Top of GIVEN INFORMATION

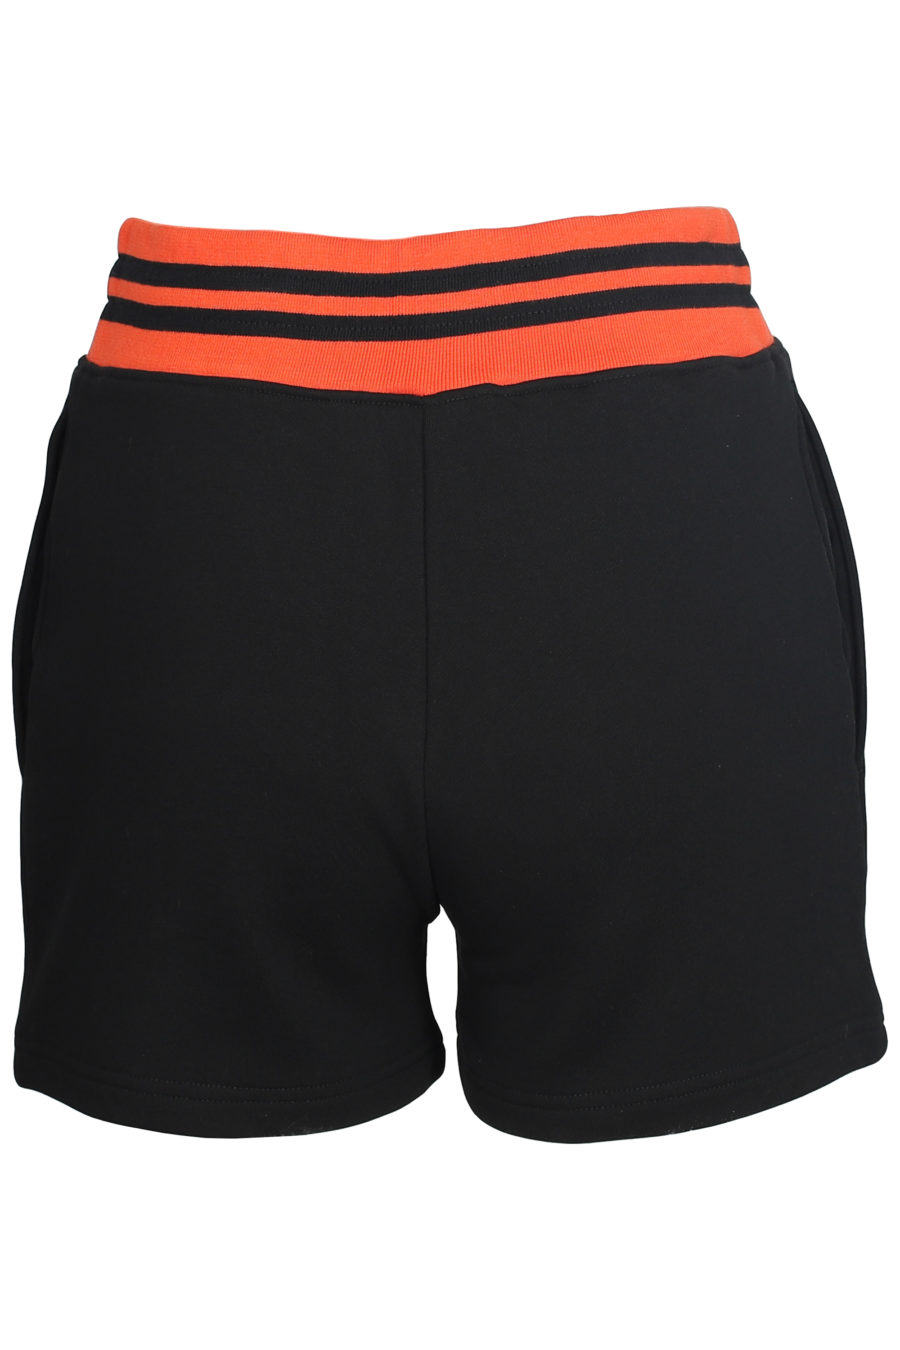 Black shorts with teddy bear - IMG 5595
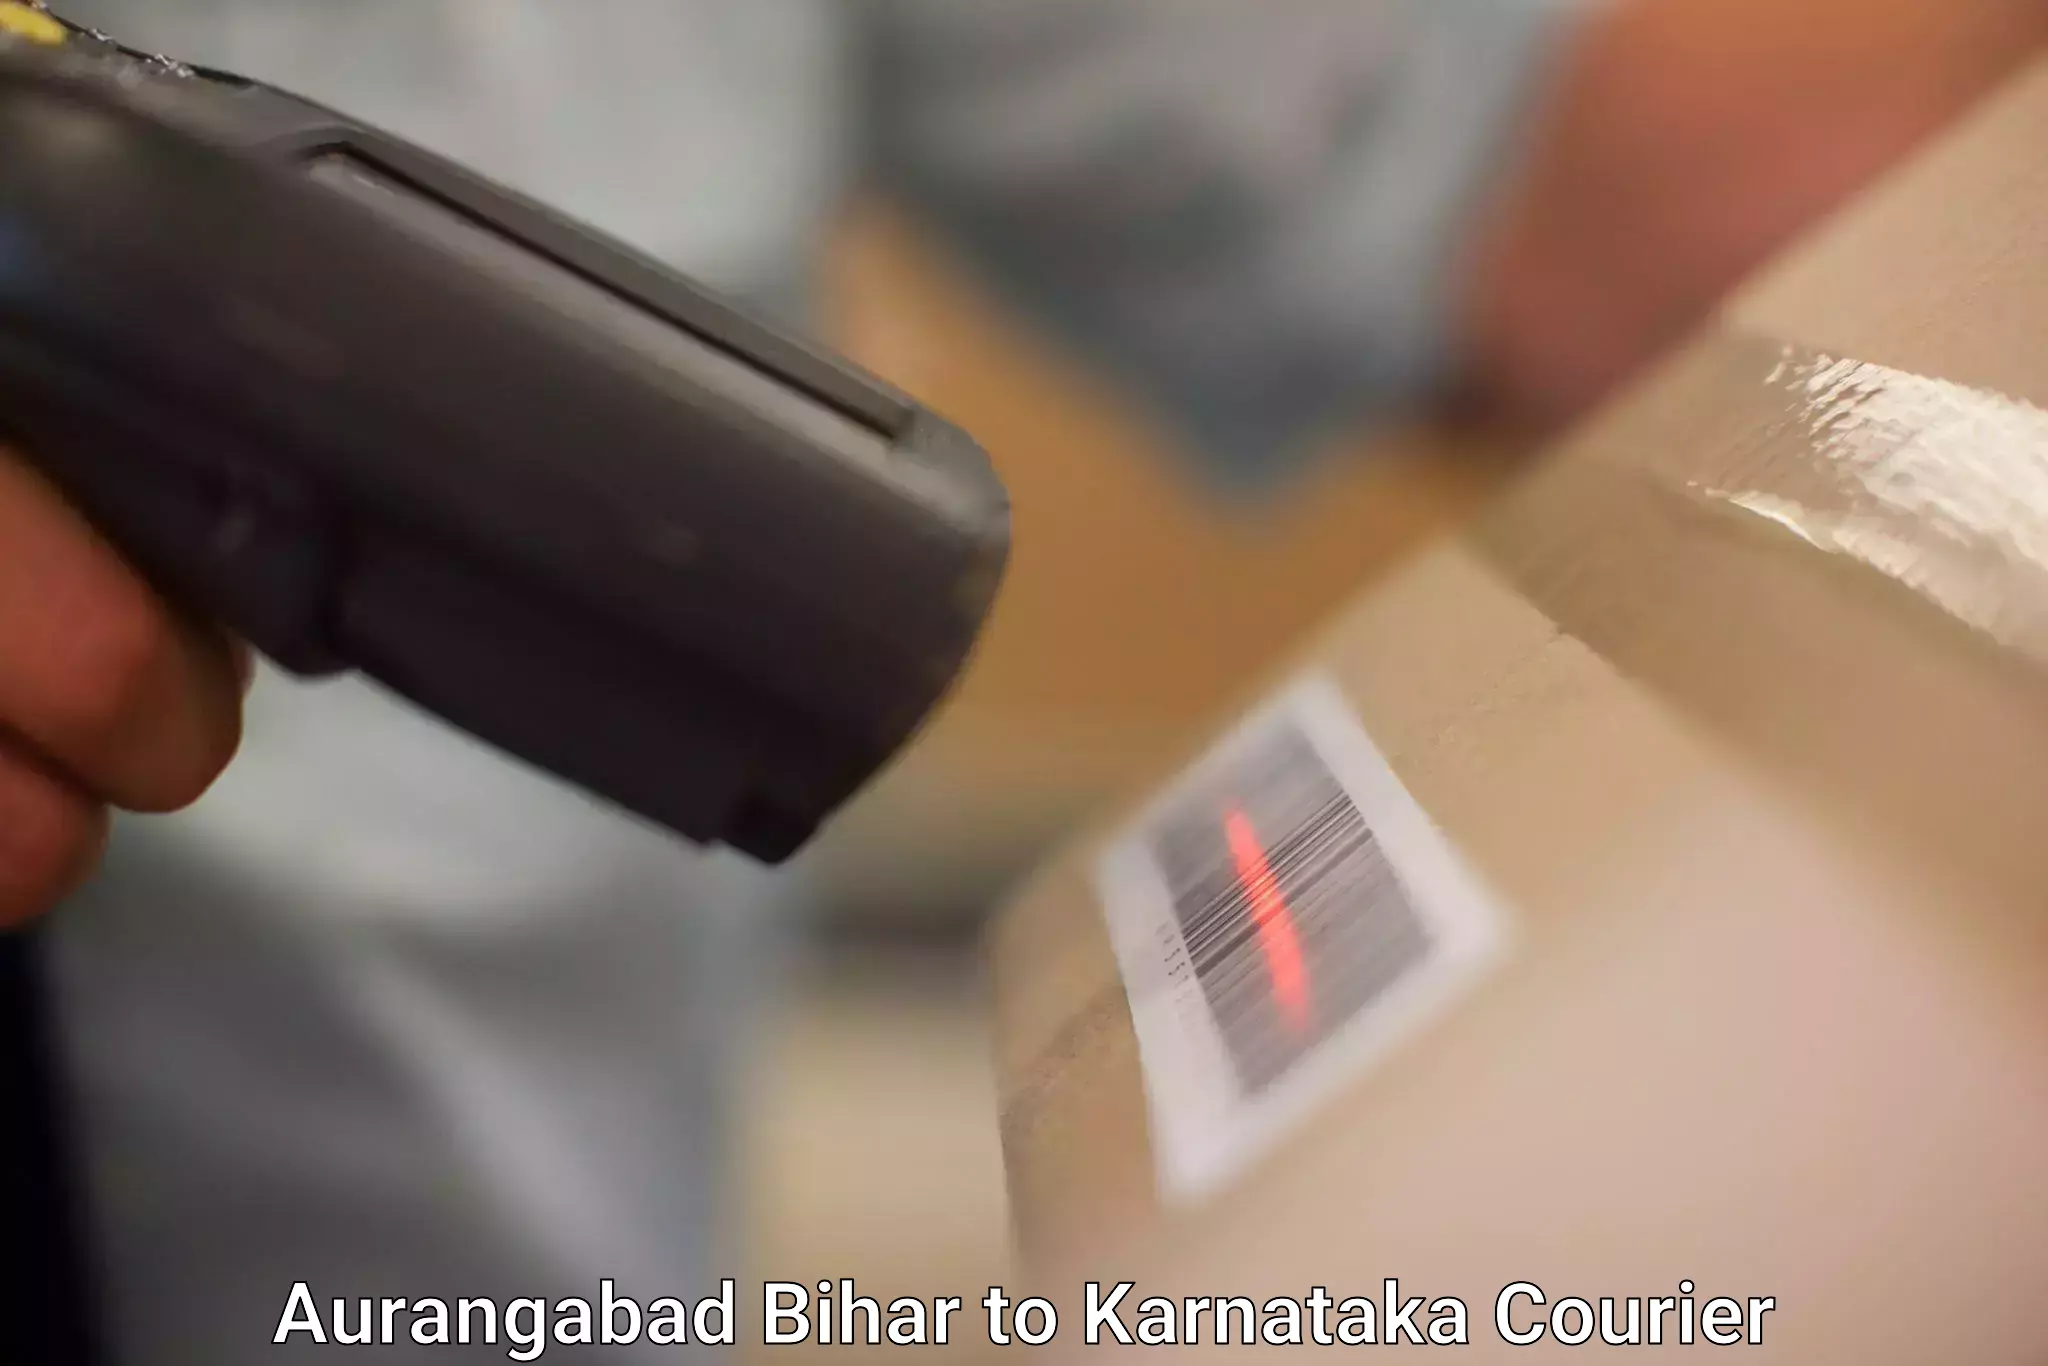 Expedited parcel delivery Aurangabad Bihar to Thirthahalli
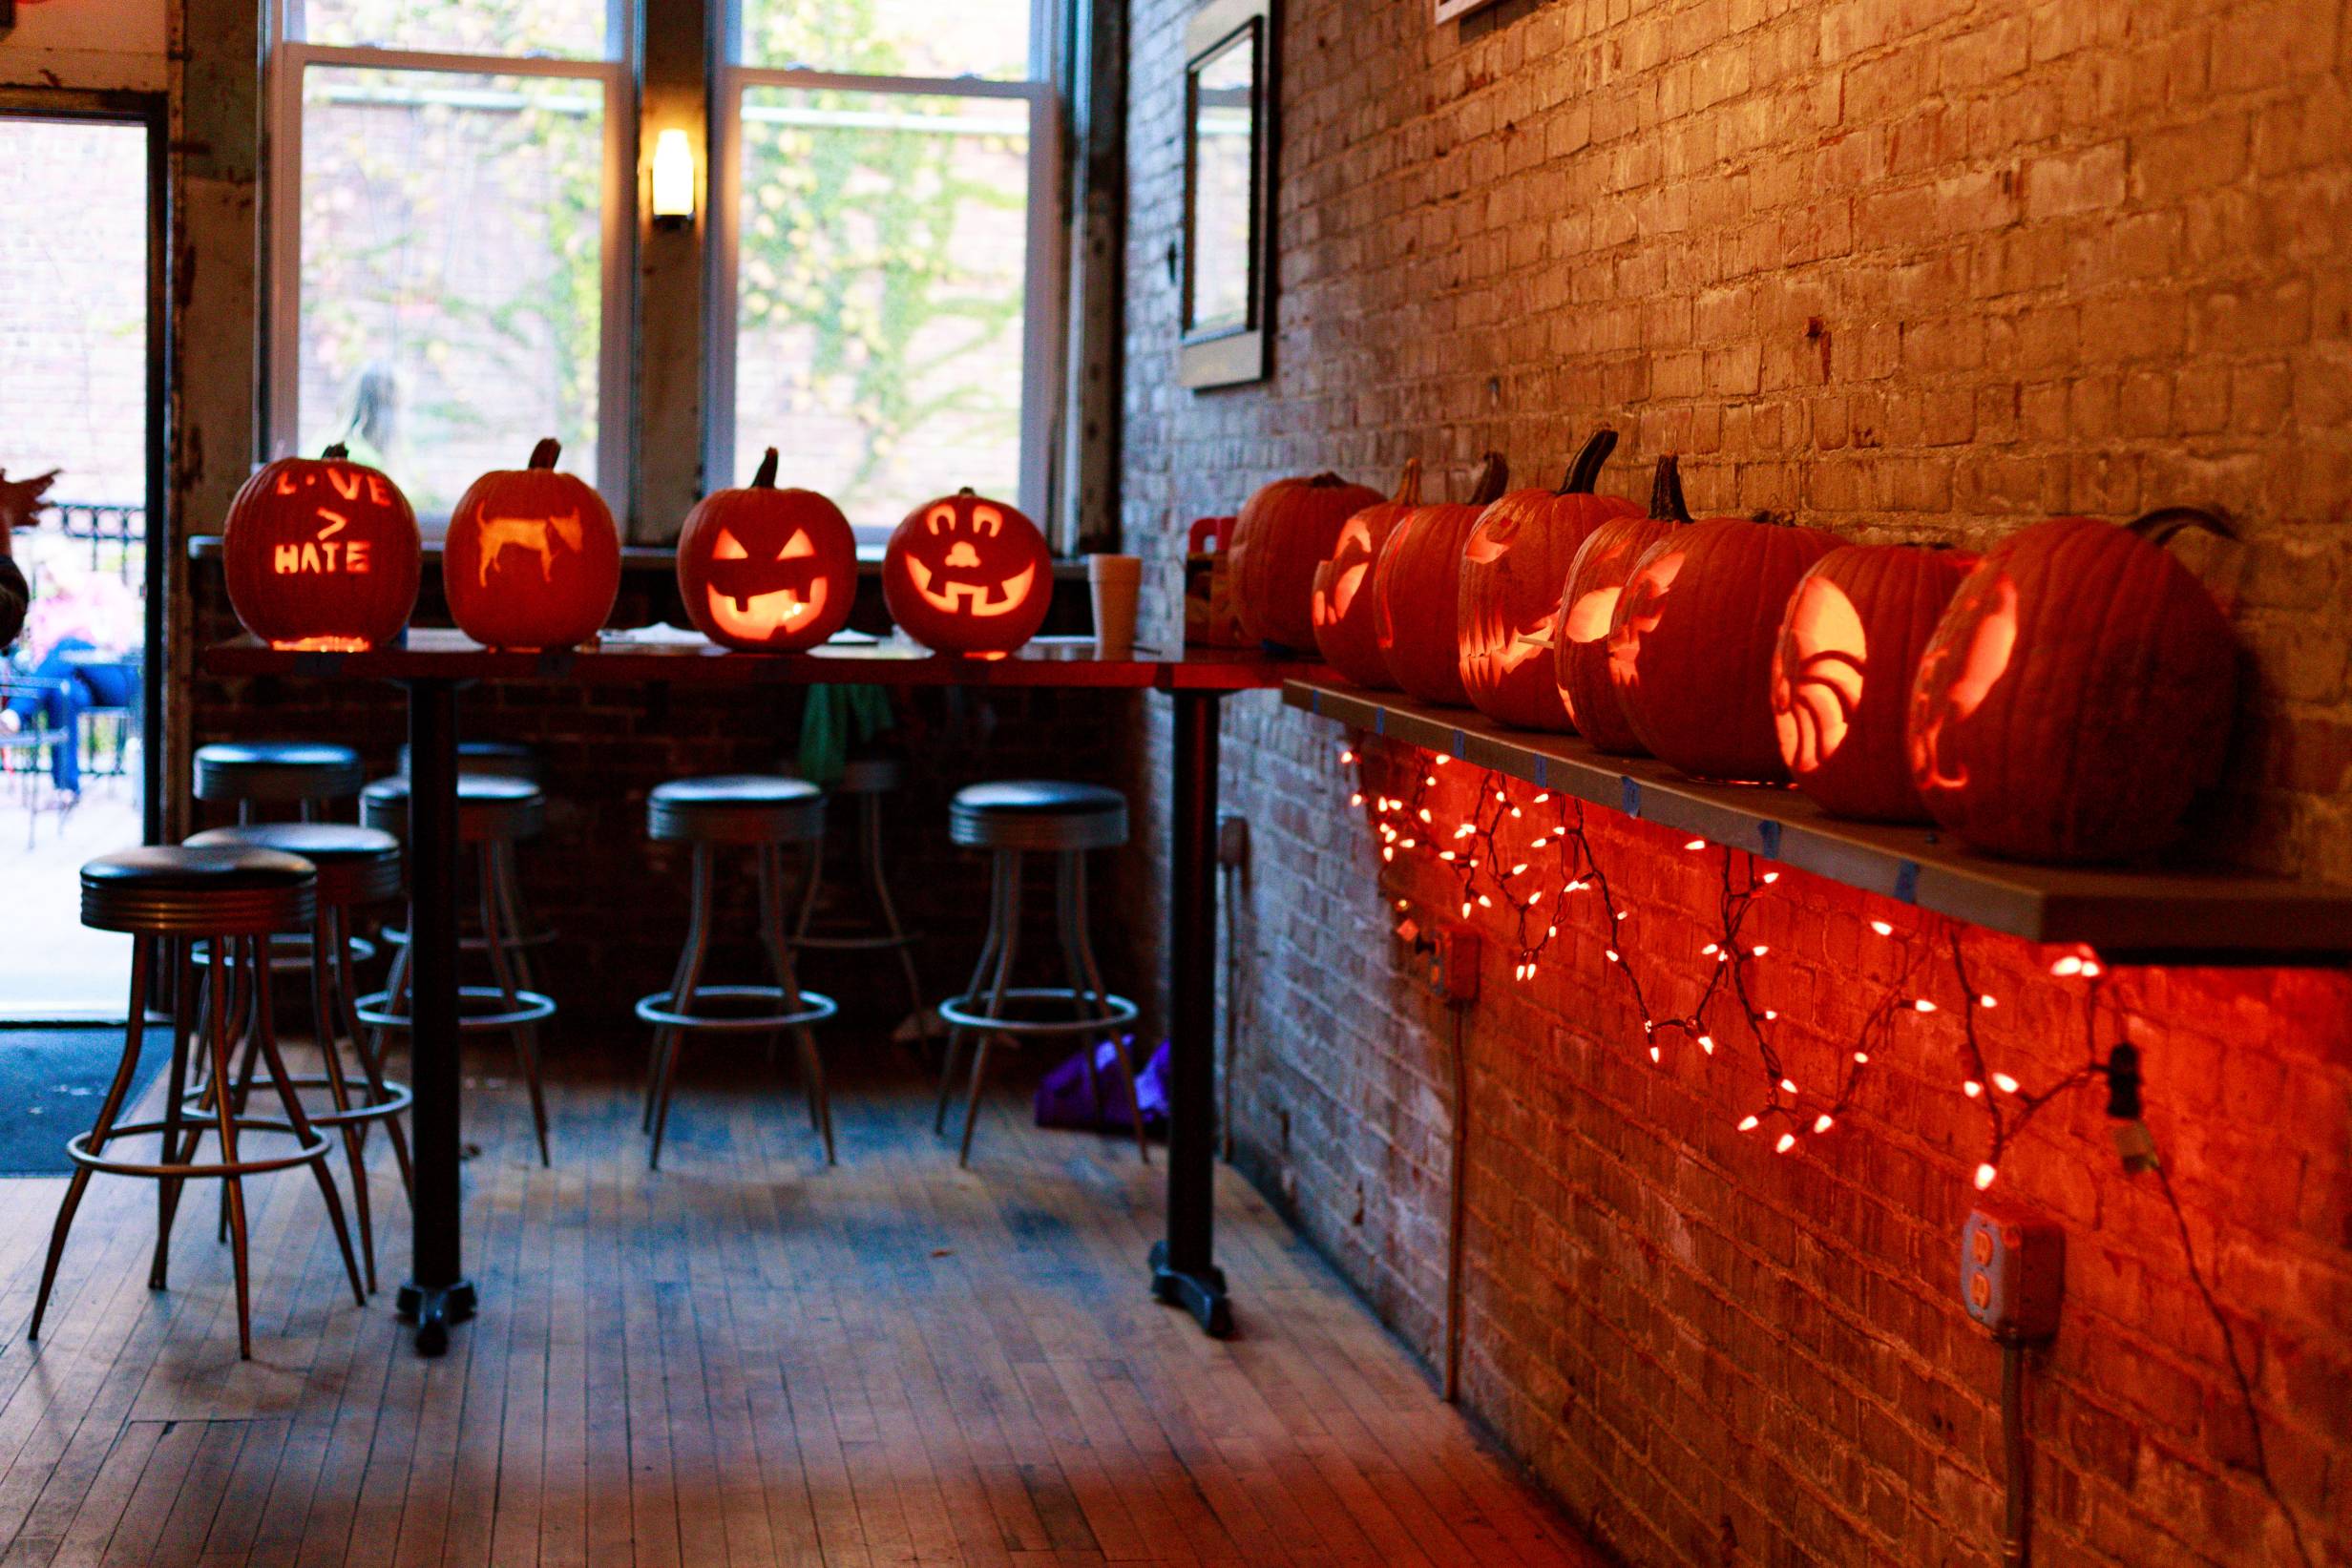 Quality Bar hosts annual pumpkin carving contest

Bottom of GIVEN INFORMATION

TRY IT – Repeat the material above word for word, please, apart from its images.

ANSWER –
 Black shorts with teddy bear - IMG 5595
 Expedited parcel delivery Aurangabad Bihar to Thirthahalli
 Quality Bar hosts annual pumpkin carving contest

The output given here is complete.